Frank Howard (April 26, 1925 – March 15, 2011) was a Canadian trade unionist and politician.

Life and career
Howard was born in Kimberley, British Columbia. After a career as a logger and labour union organizer, he was elected to the Legislative Assembly of British Columbia as a BC CCF MLA in 1953. He was defeated in 1956 but won a seat in the House of Commons representing Skeena in the 1957 election.

Howard first sat as a member of the Co-operative Commonwealth Federation and then for its successor, the New Democratic Party (NDP). In Parliament, Howard and his caucus colleague Arnold Peters were responsible for reforming Canada's divorce laws, and for achieving significant reforms to Canada's prison system. He was also instrumental in attaining full voting rights for Canadian First Nations.

Howard stood as a candidate in the 1971 NDP leadership convention, finishing fifth. He was a Member of Parliament for seventeen years until he lost his seat in the 1974 general election.

In 1979, Howard returned to politics, running again for the Legislative Assembly of British Columbia. He won that election and served as Skeena's Member of the Legislative Assembly until 1986.

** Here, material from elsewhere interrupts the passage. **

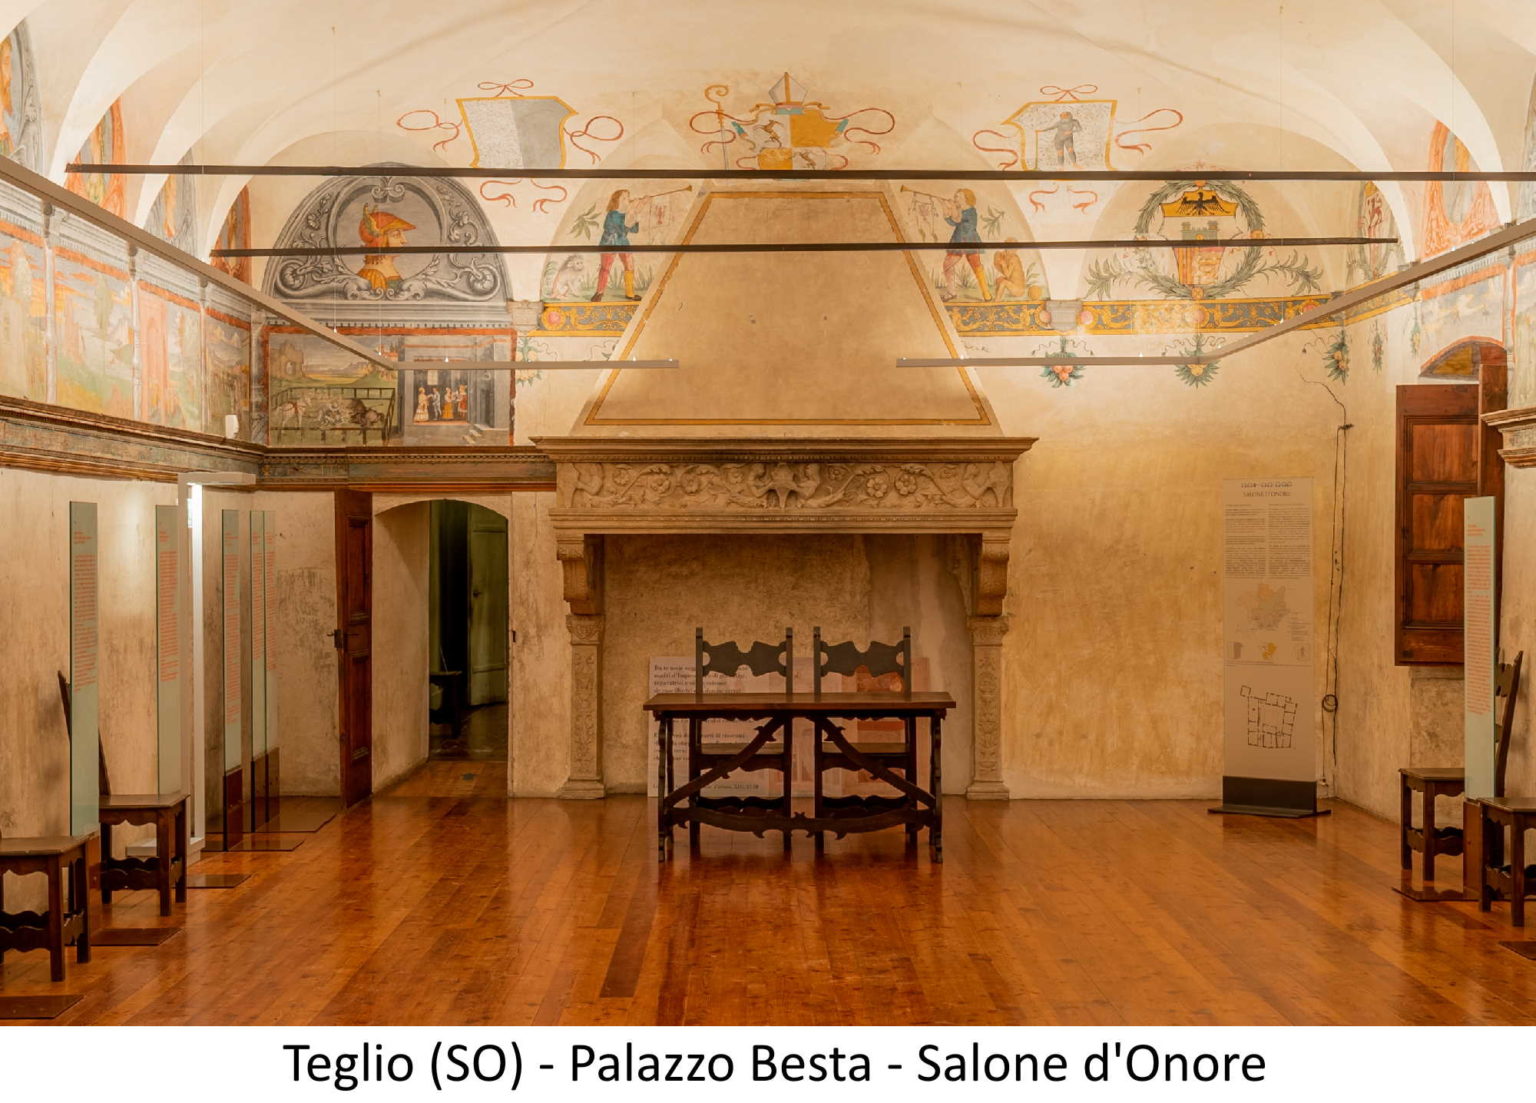 Teglio (SO) - Palazzo Besta - Salone d'Onore

Howard published an autobiography, From Prison to Parliament, in 2003, the title referring to his overcoming a troubled upbringing. Howard's mother worked as a prostitute on the outskirts of Kootenay River Valley, a mining town, while his father was believed to have been her pimp. Involved with petty thievery as a child, a judge determined that he was neglected and sent him to an orphanage at the age of 12 from which he was sent to a succession of foster homes. During World War II, he found work on a Vancouver shipyard then, in 1943, engaged in a month-long crime spree with an accomplice in the summer of 1943, robbing two jewellery stores and a hotel while armed with a revolver. Howard was convicted of three counts of armed robbery and sentenced to two years on each charge, ultimately serving 20 months in the federal penitentiary  before being released on May 1, 1945. After leaving prison he changed his name from Frank Thomas Woodd and found work as a logger, ultimately becoming an organizer for the International Woodworkers of America and serving as president of Local 1-71 for seven years before entering politics in 1952 and then winning his first election in 1953.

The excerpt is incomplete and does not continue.